:: What is needed ::
A verbatim copy of the listing is what is needed, minus any pictures.
== Data shown ==
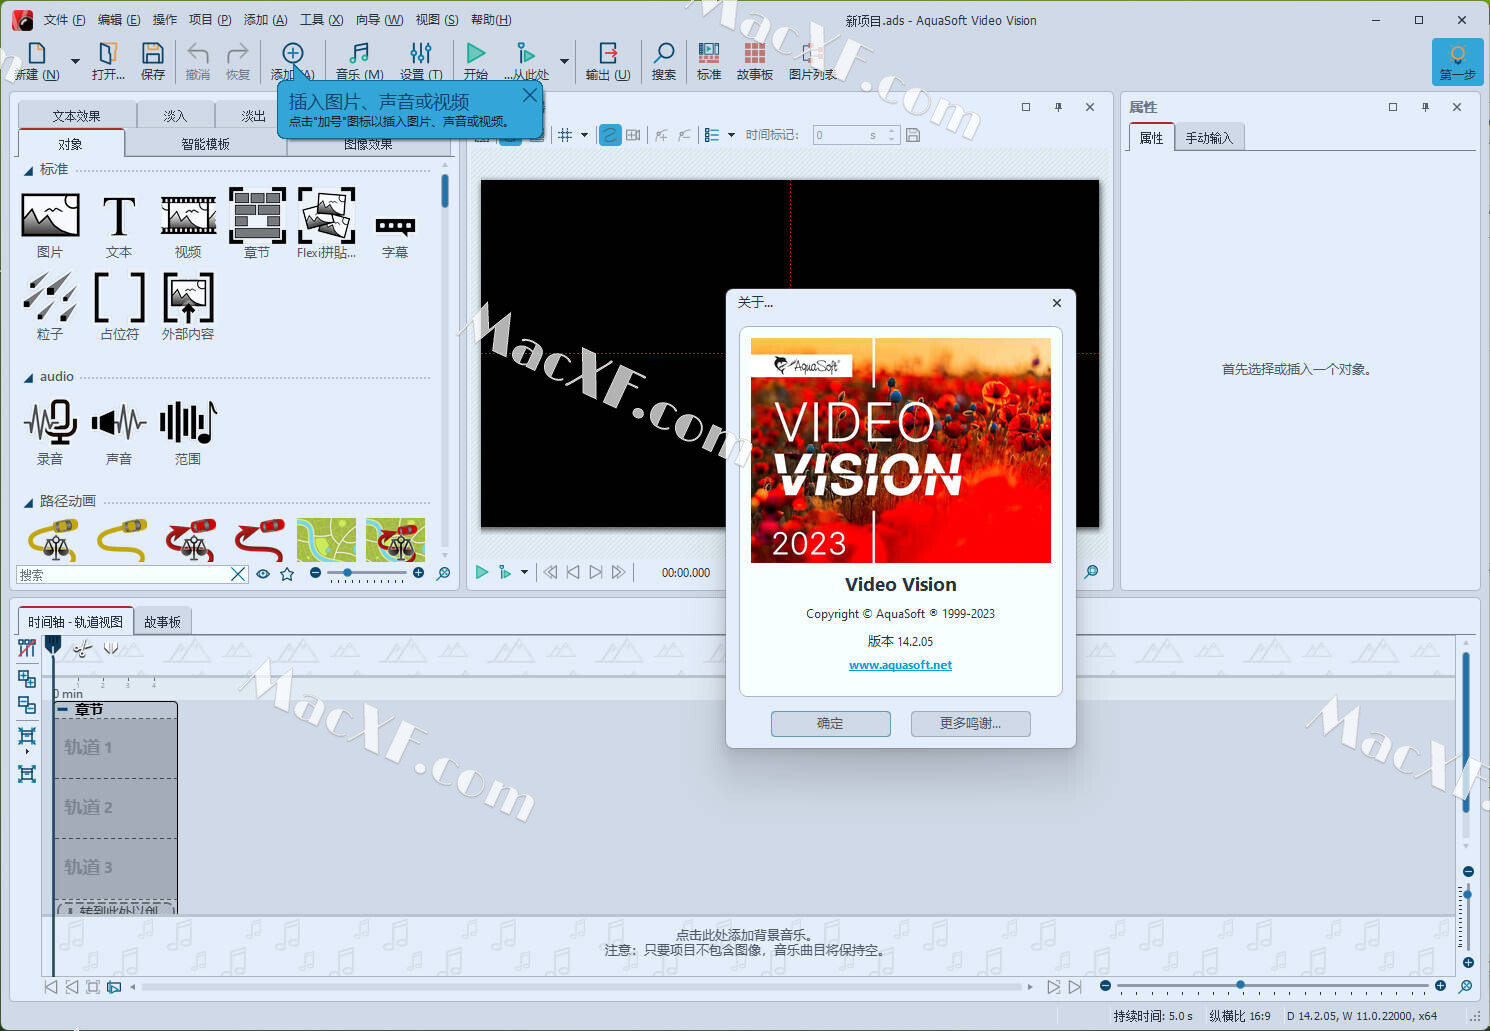 instal the new for mac AquaSoft Video Vision 14.2.09
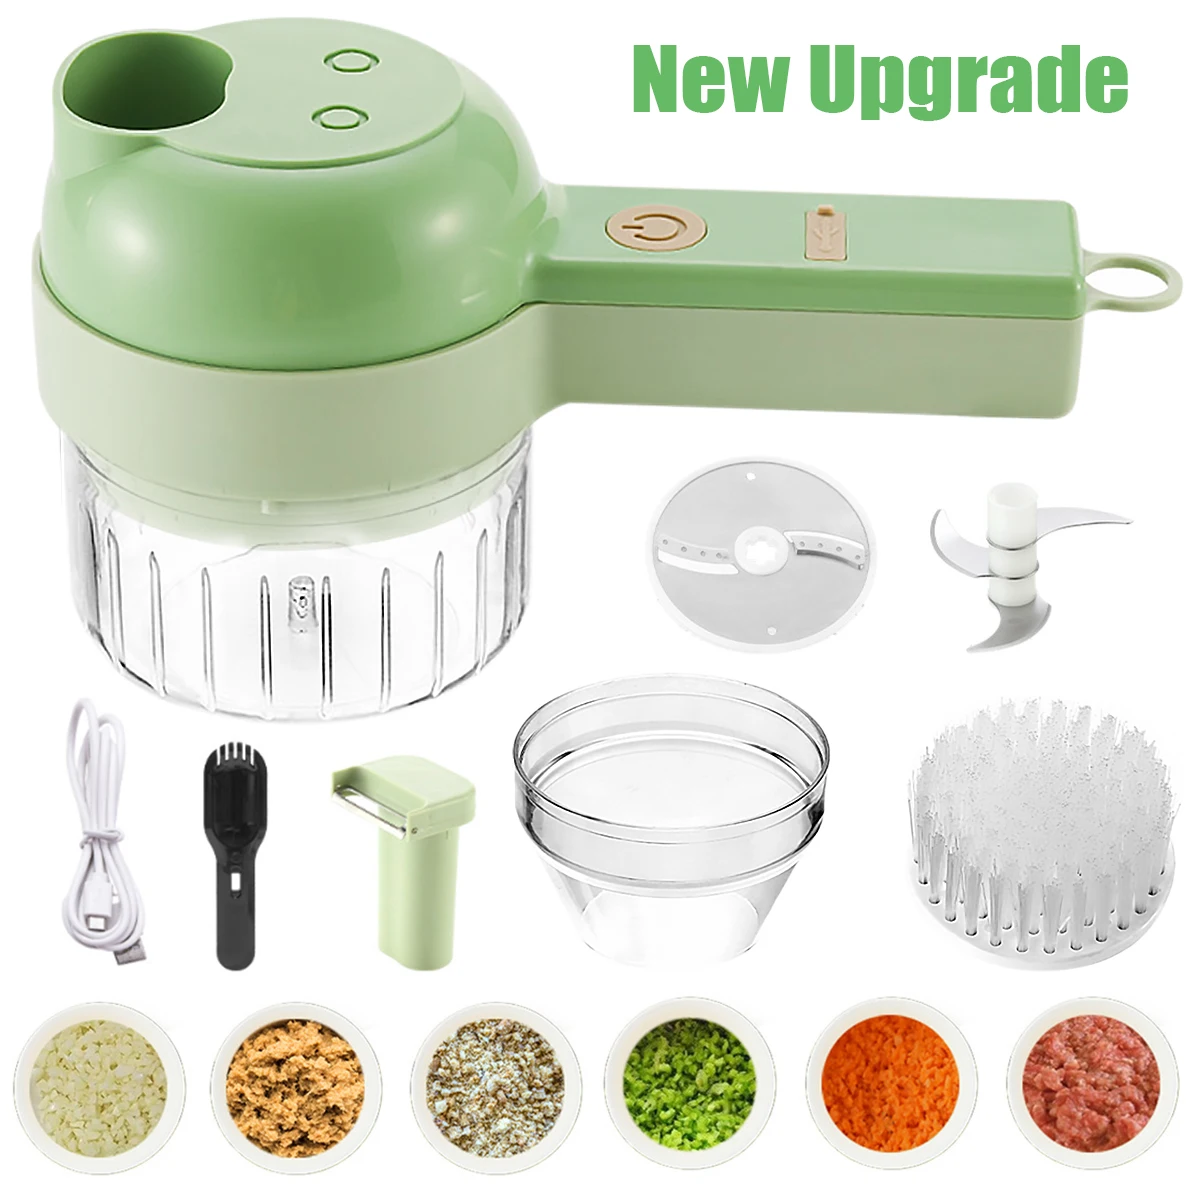 New Upgraded Electric Food Chopper Vegetable Chopper Vegetable Slicer Garlic Crusher Meat Grinder Machine Peeler Kitchen Tools
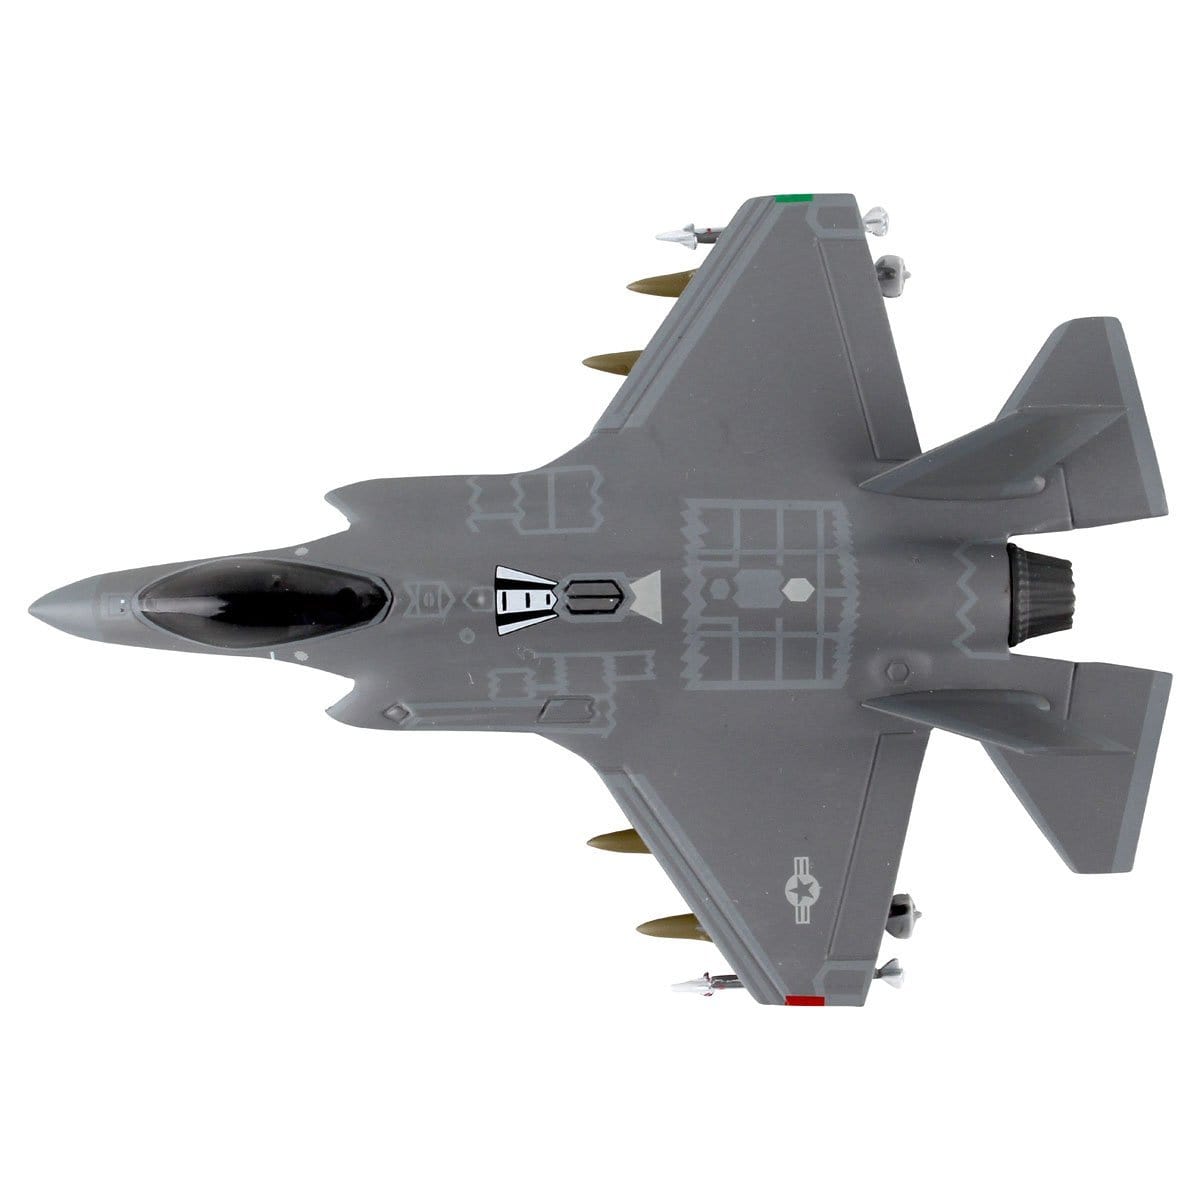 F-35(A) Lightning II 58th FS 1/144 Scale Postage Stamp Die-cast Model - PilotMall.com
===
:: Result of the exercise ::
 instal the new for mac AquaSoft Video Vision 14.2.09
 New Upgraded Electric Food Chopper Vegetable Chopper Vegetable Slicer Garlic Crusher Meat Grinder Machine Peeler Kitchen Tools
 F-35(A) Lightning II 58th FS 1/144 Scale Postage Stamp Die-cast Model - PilotMall.com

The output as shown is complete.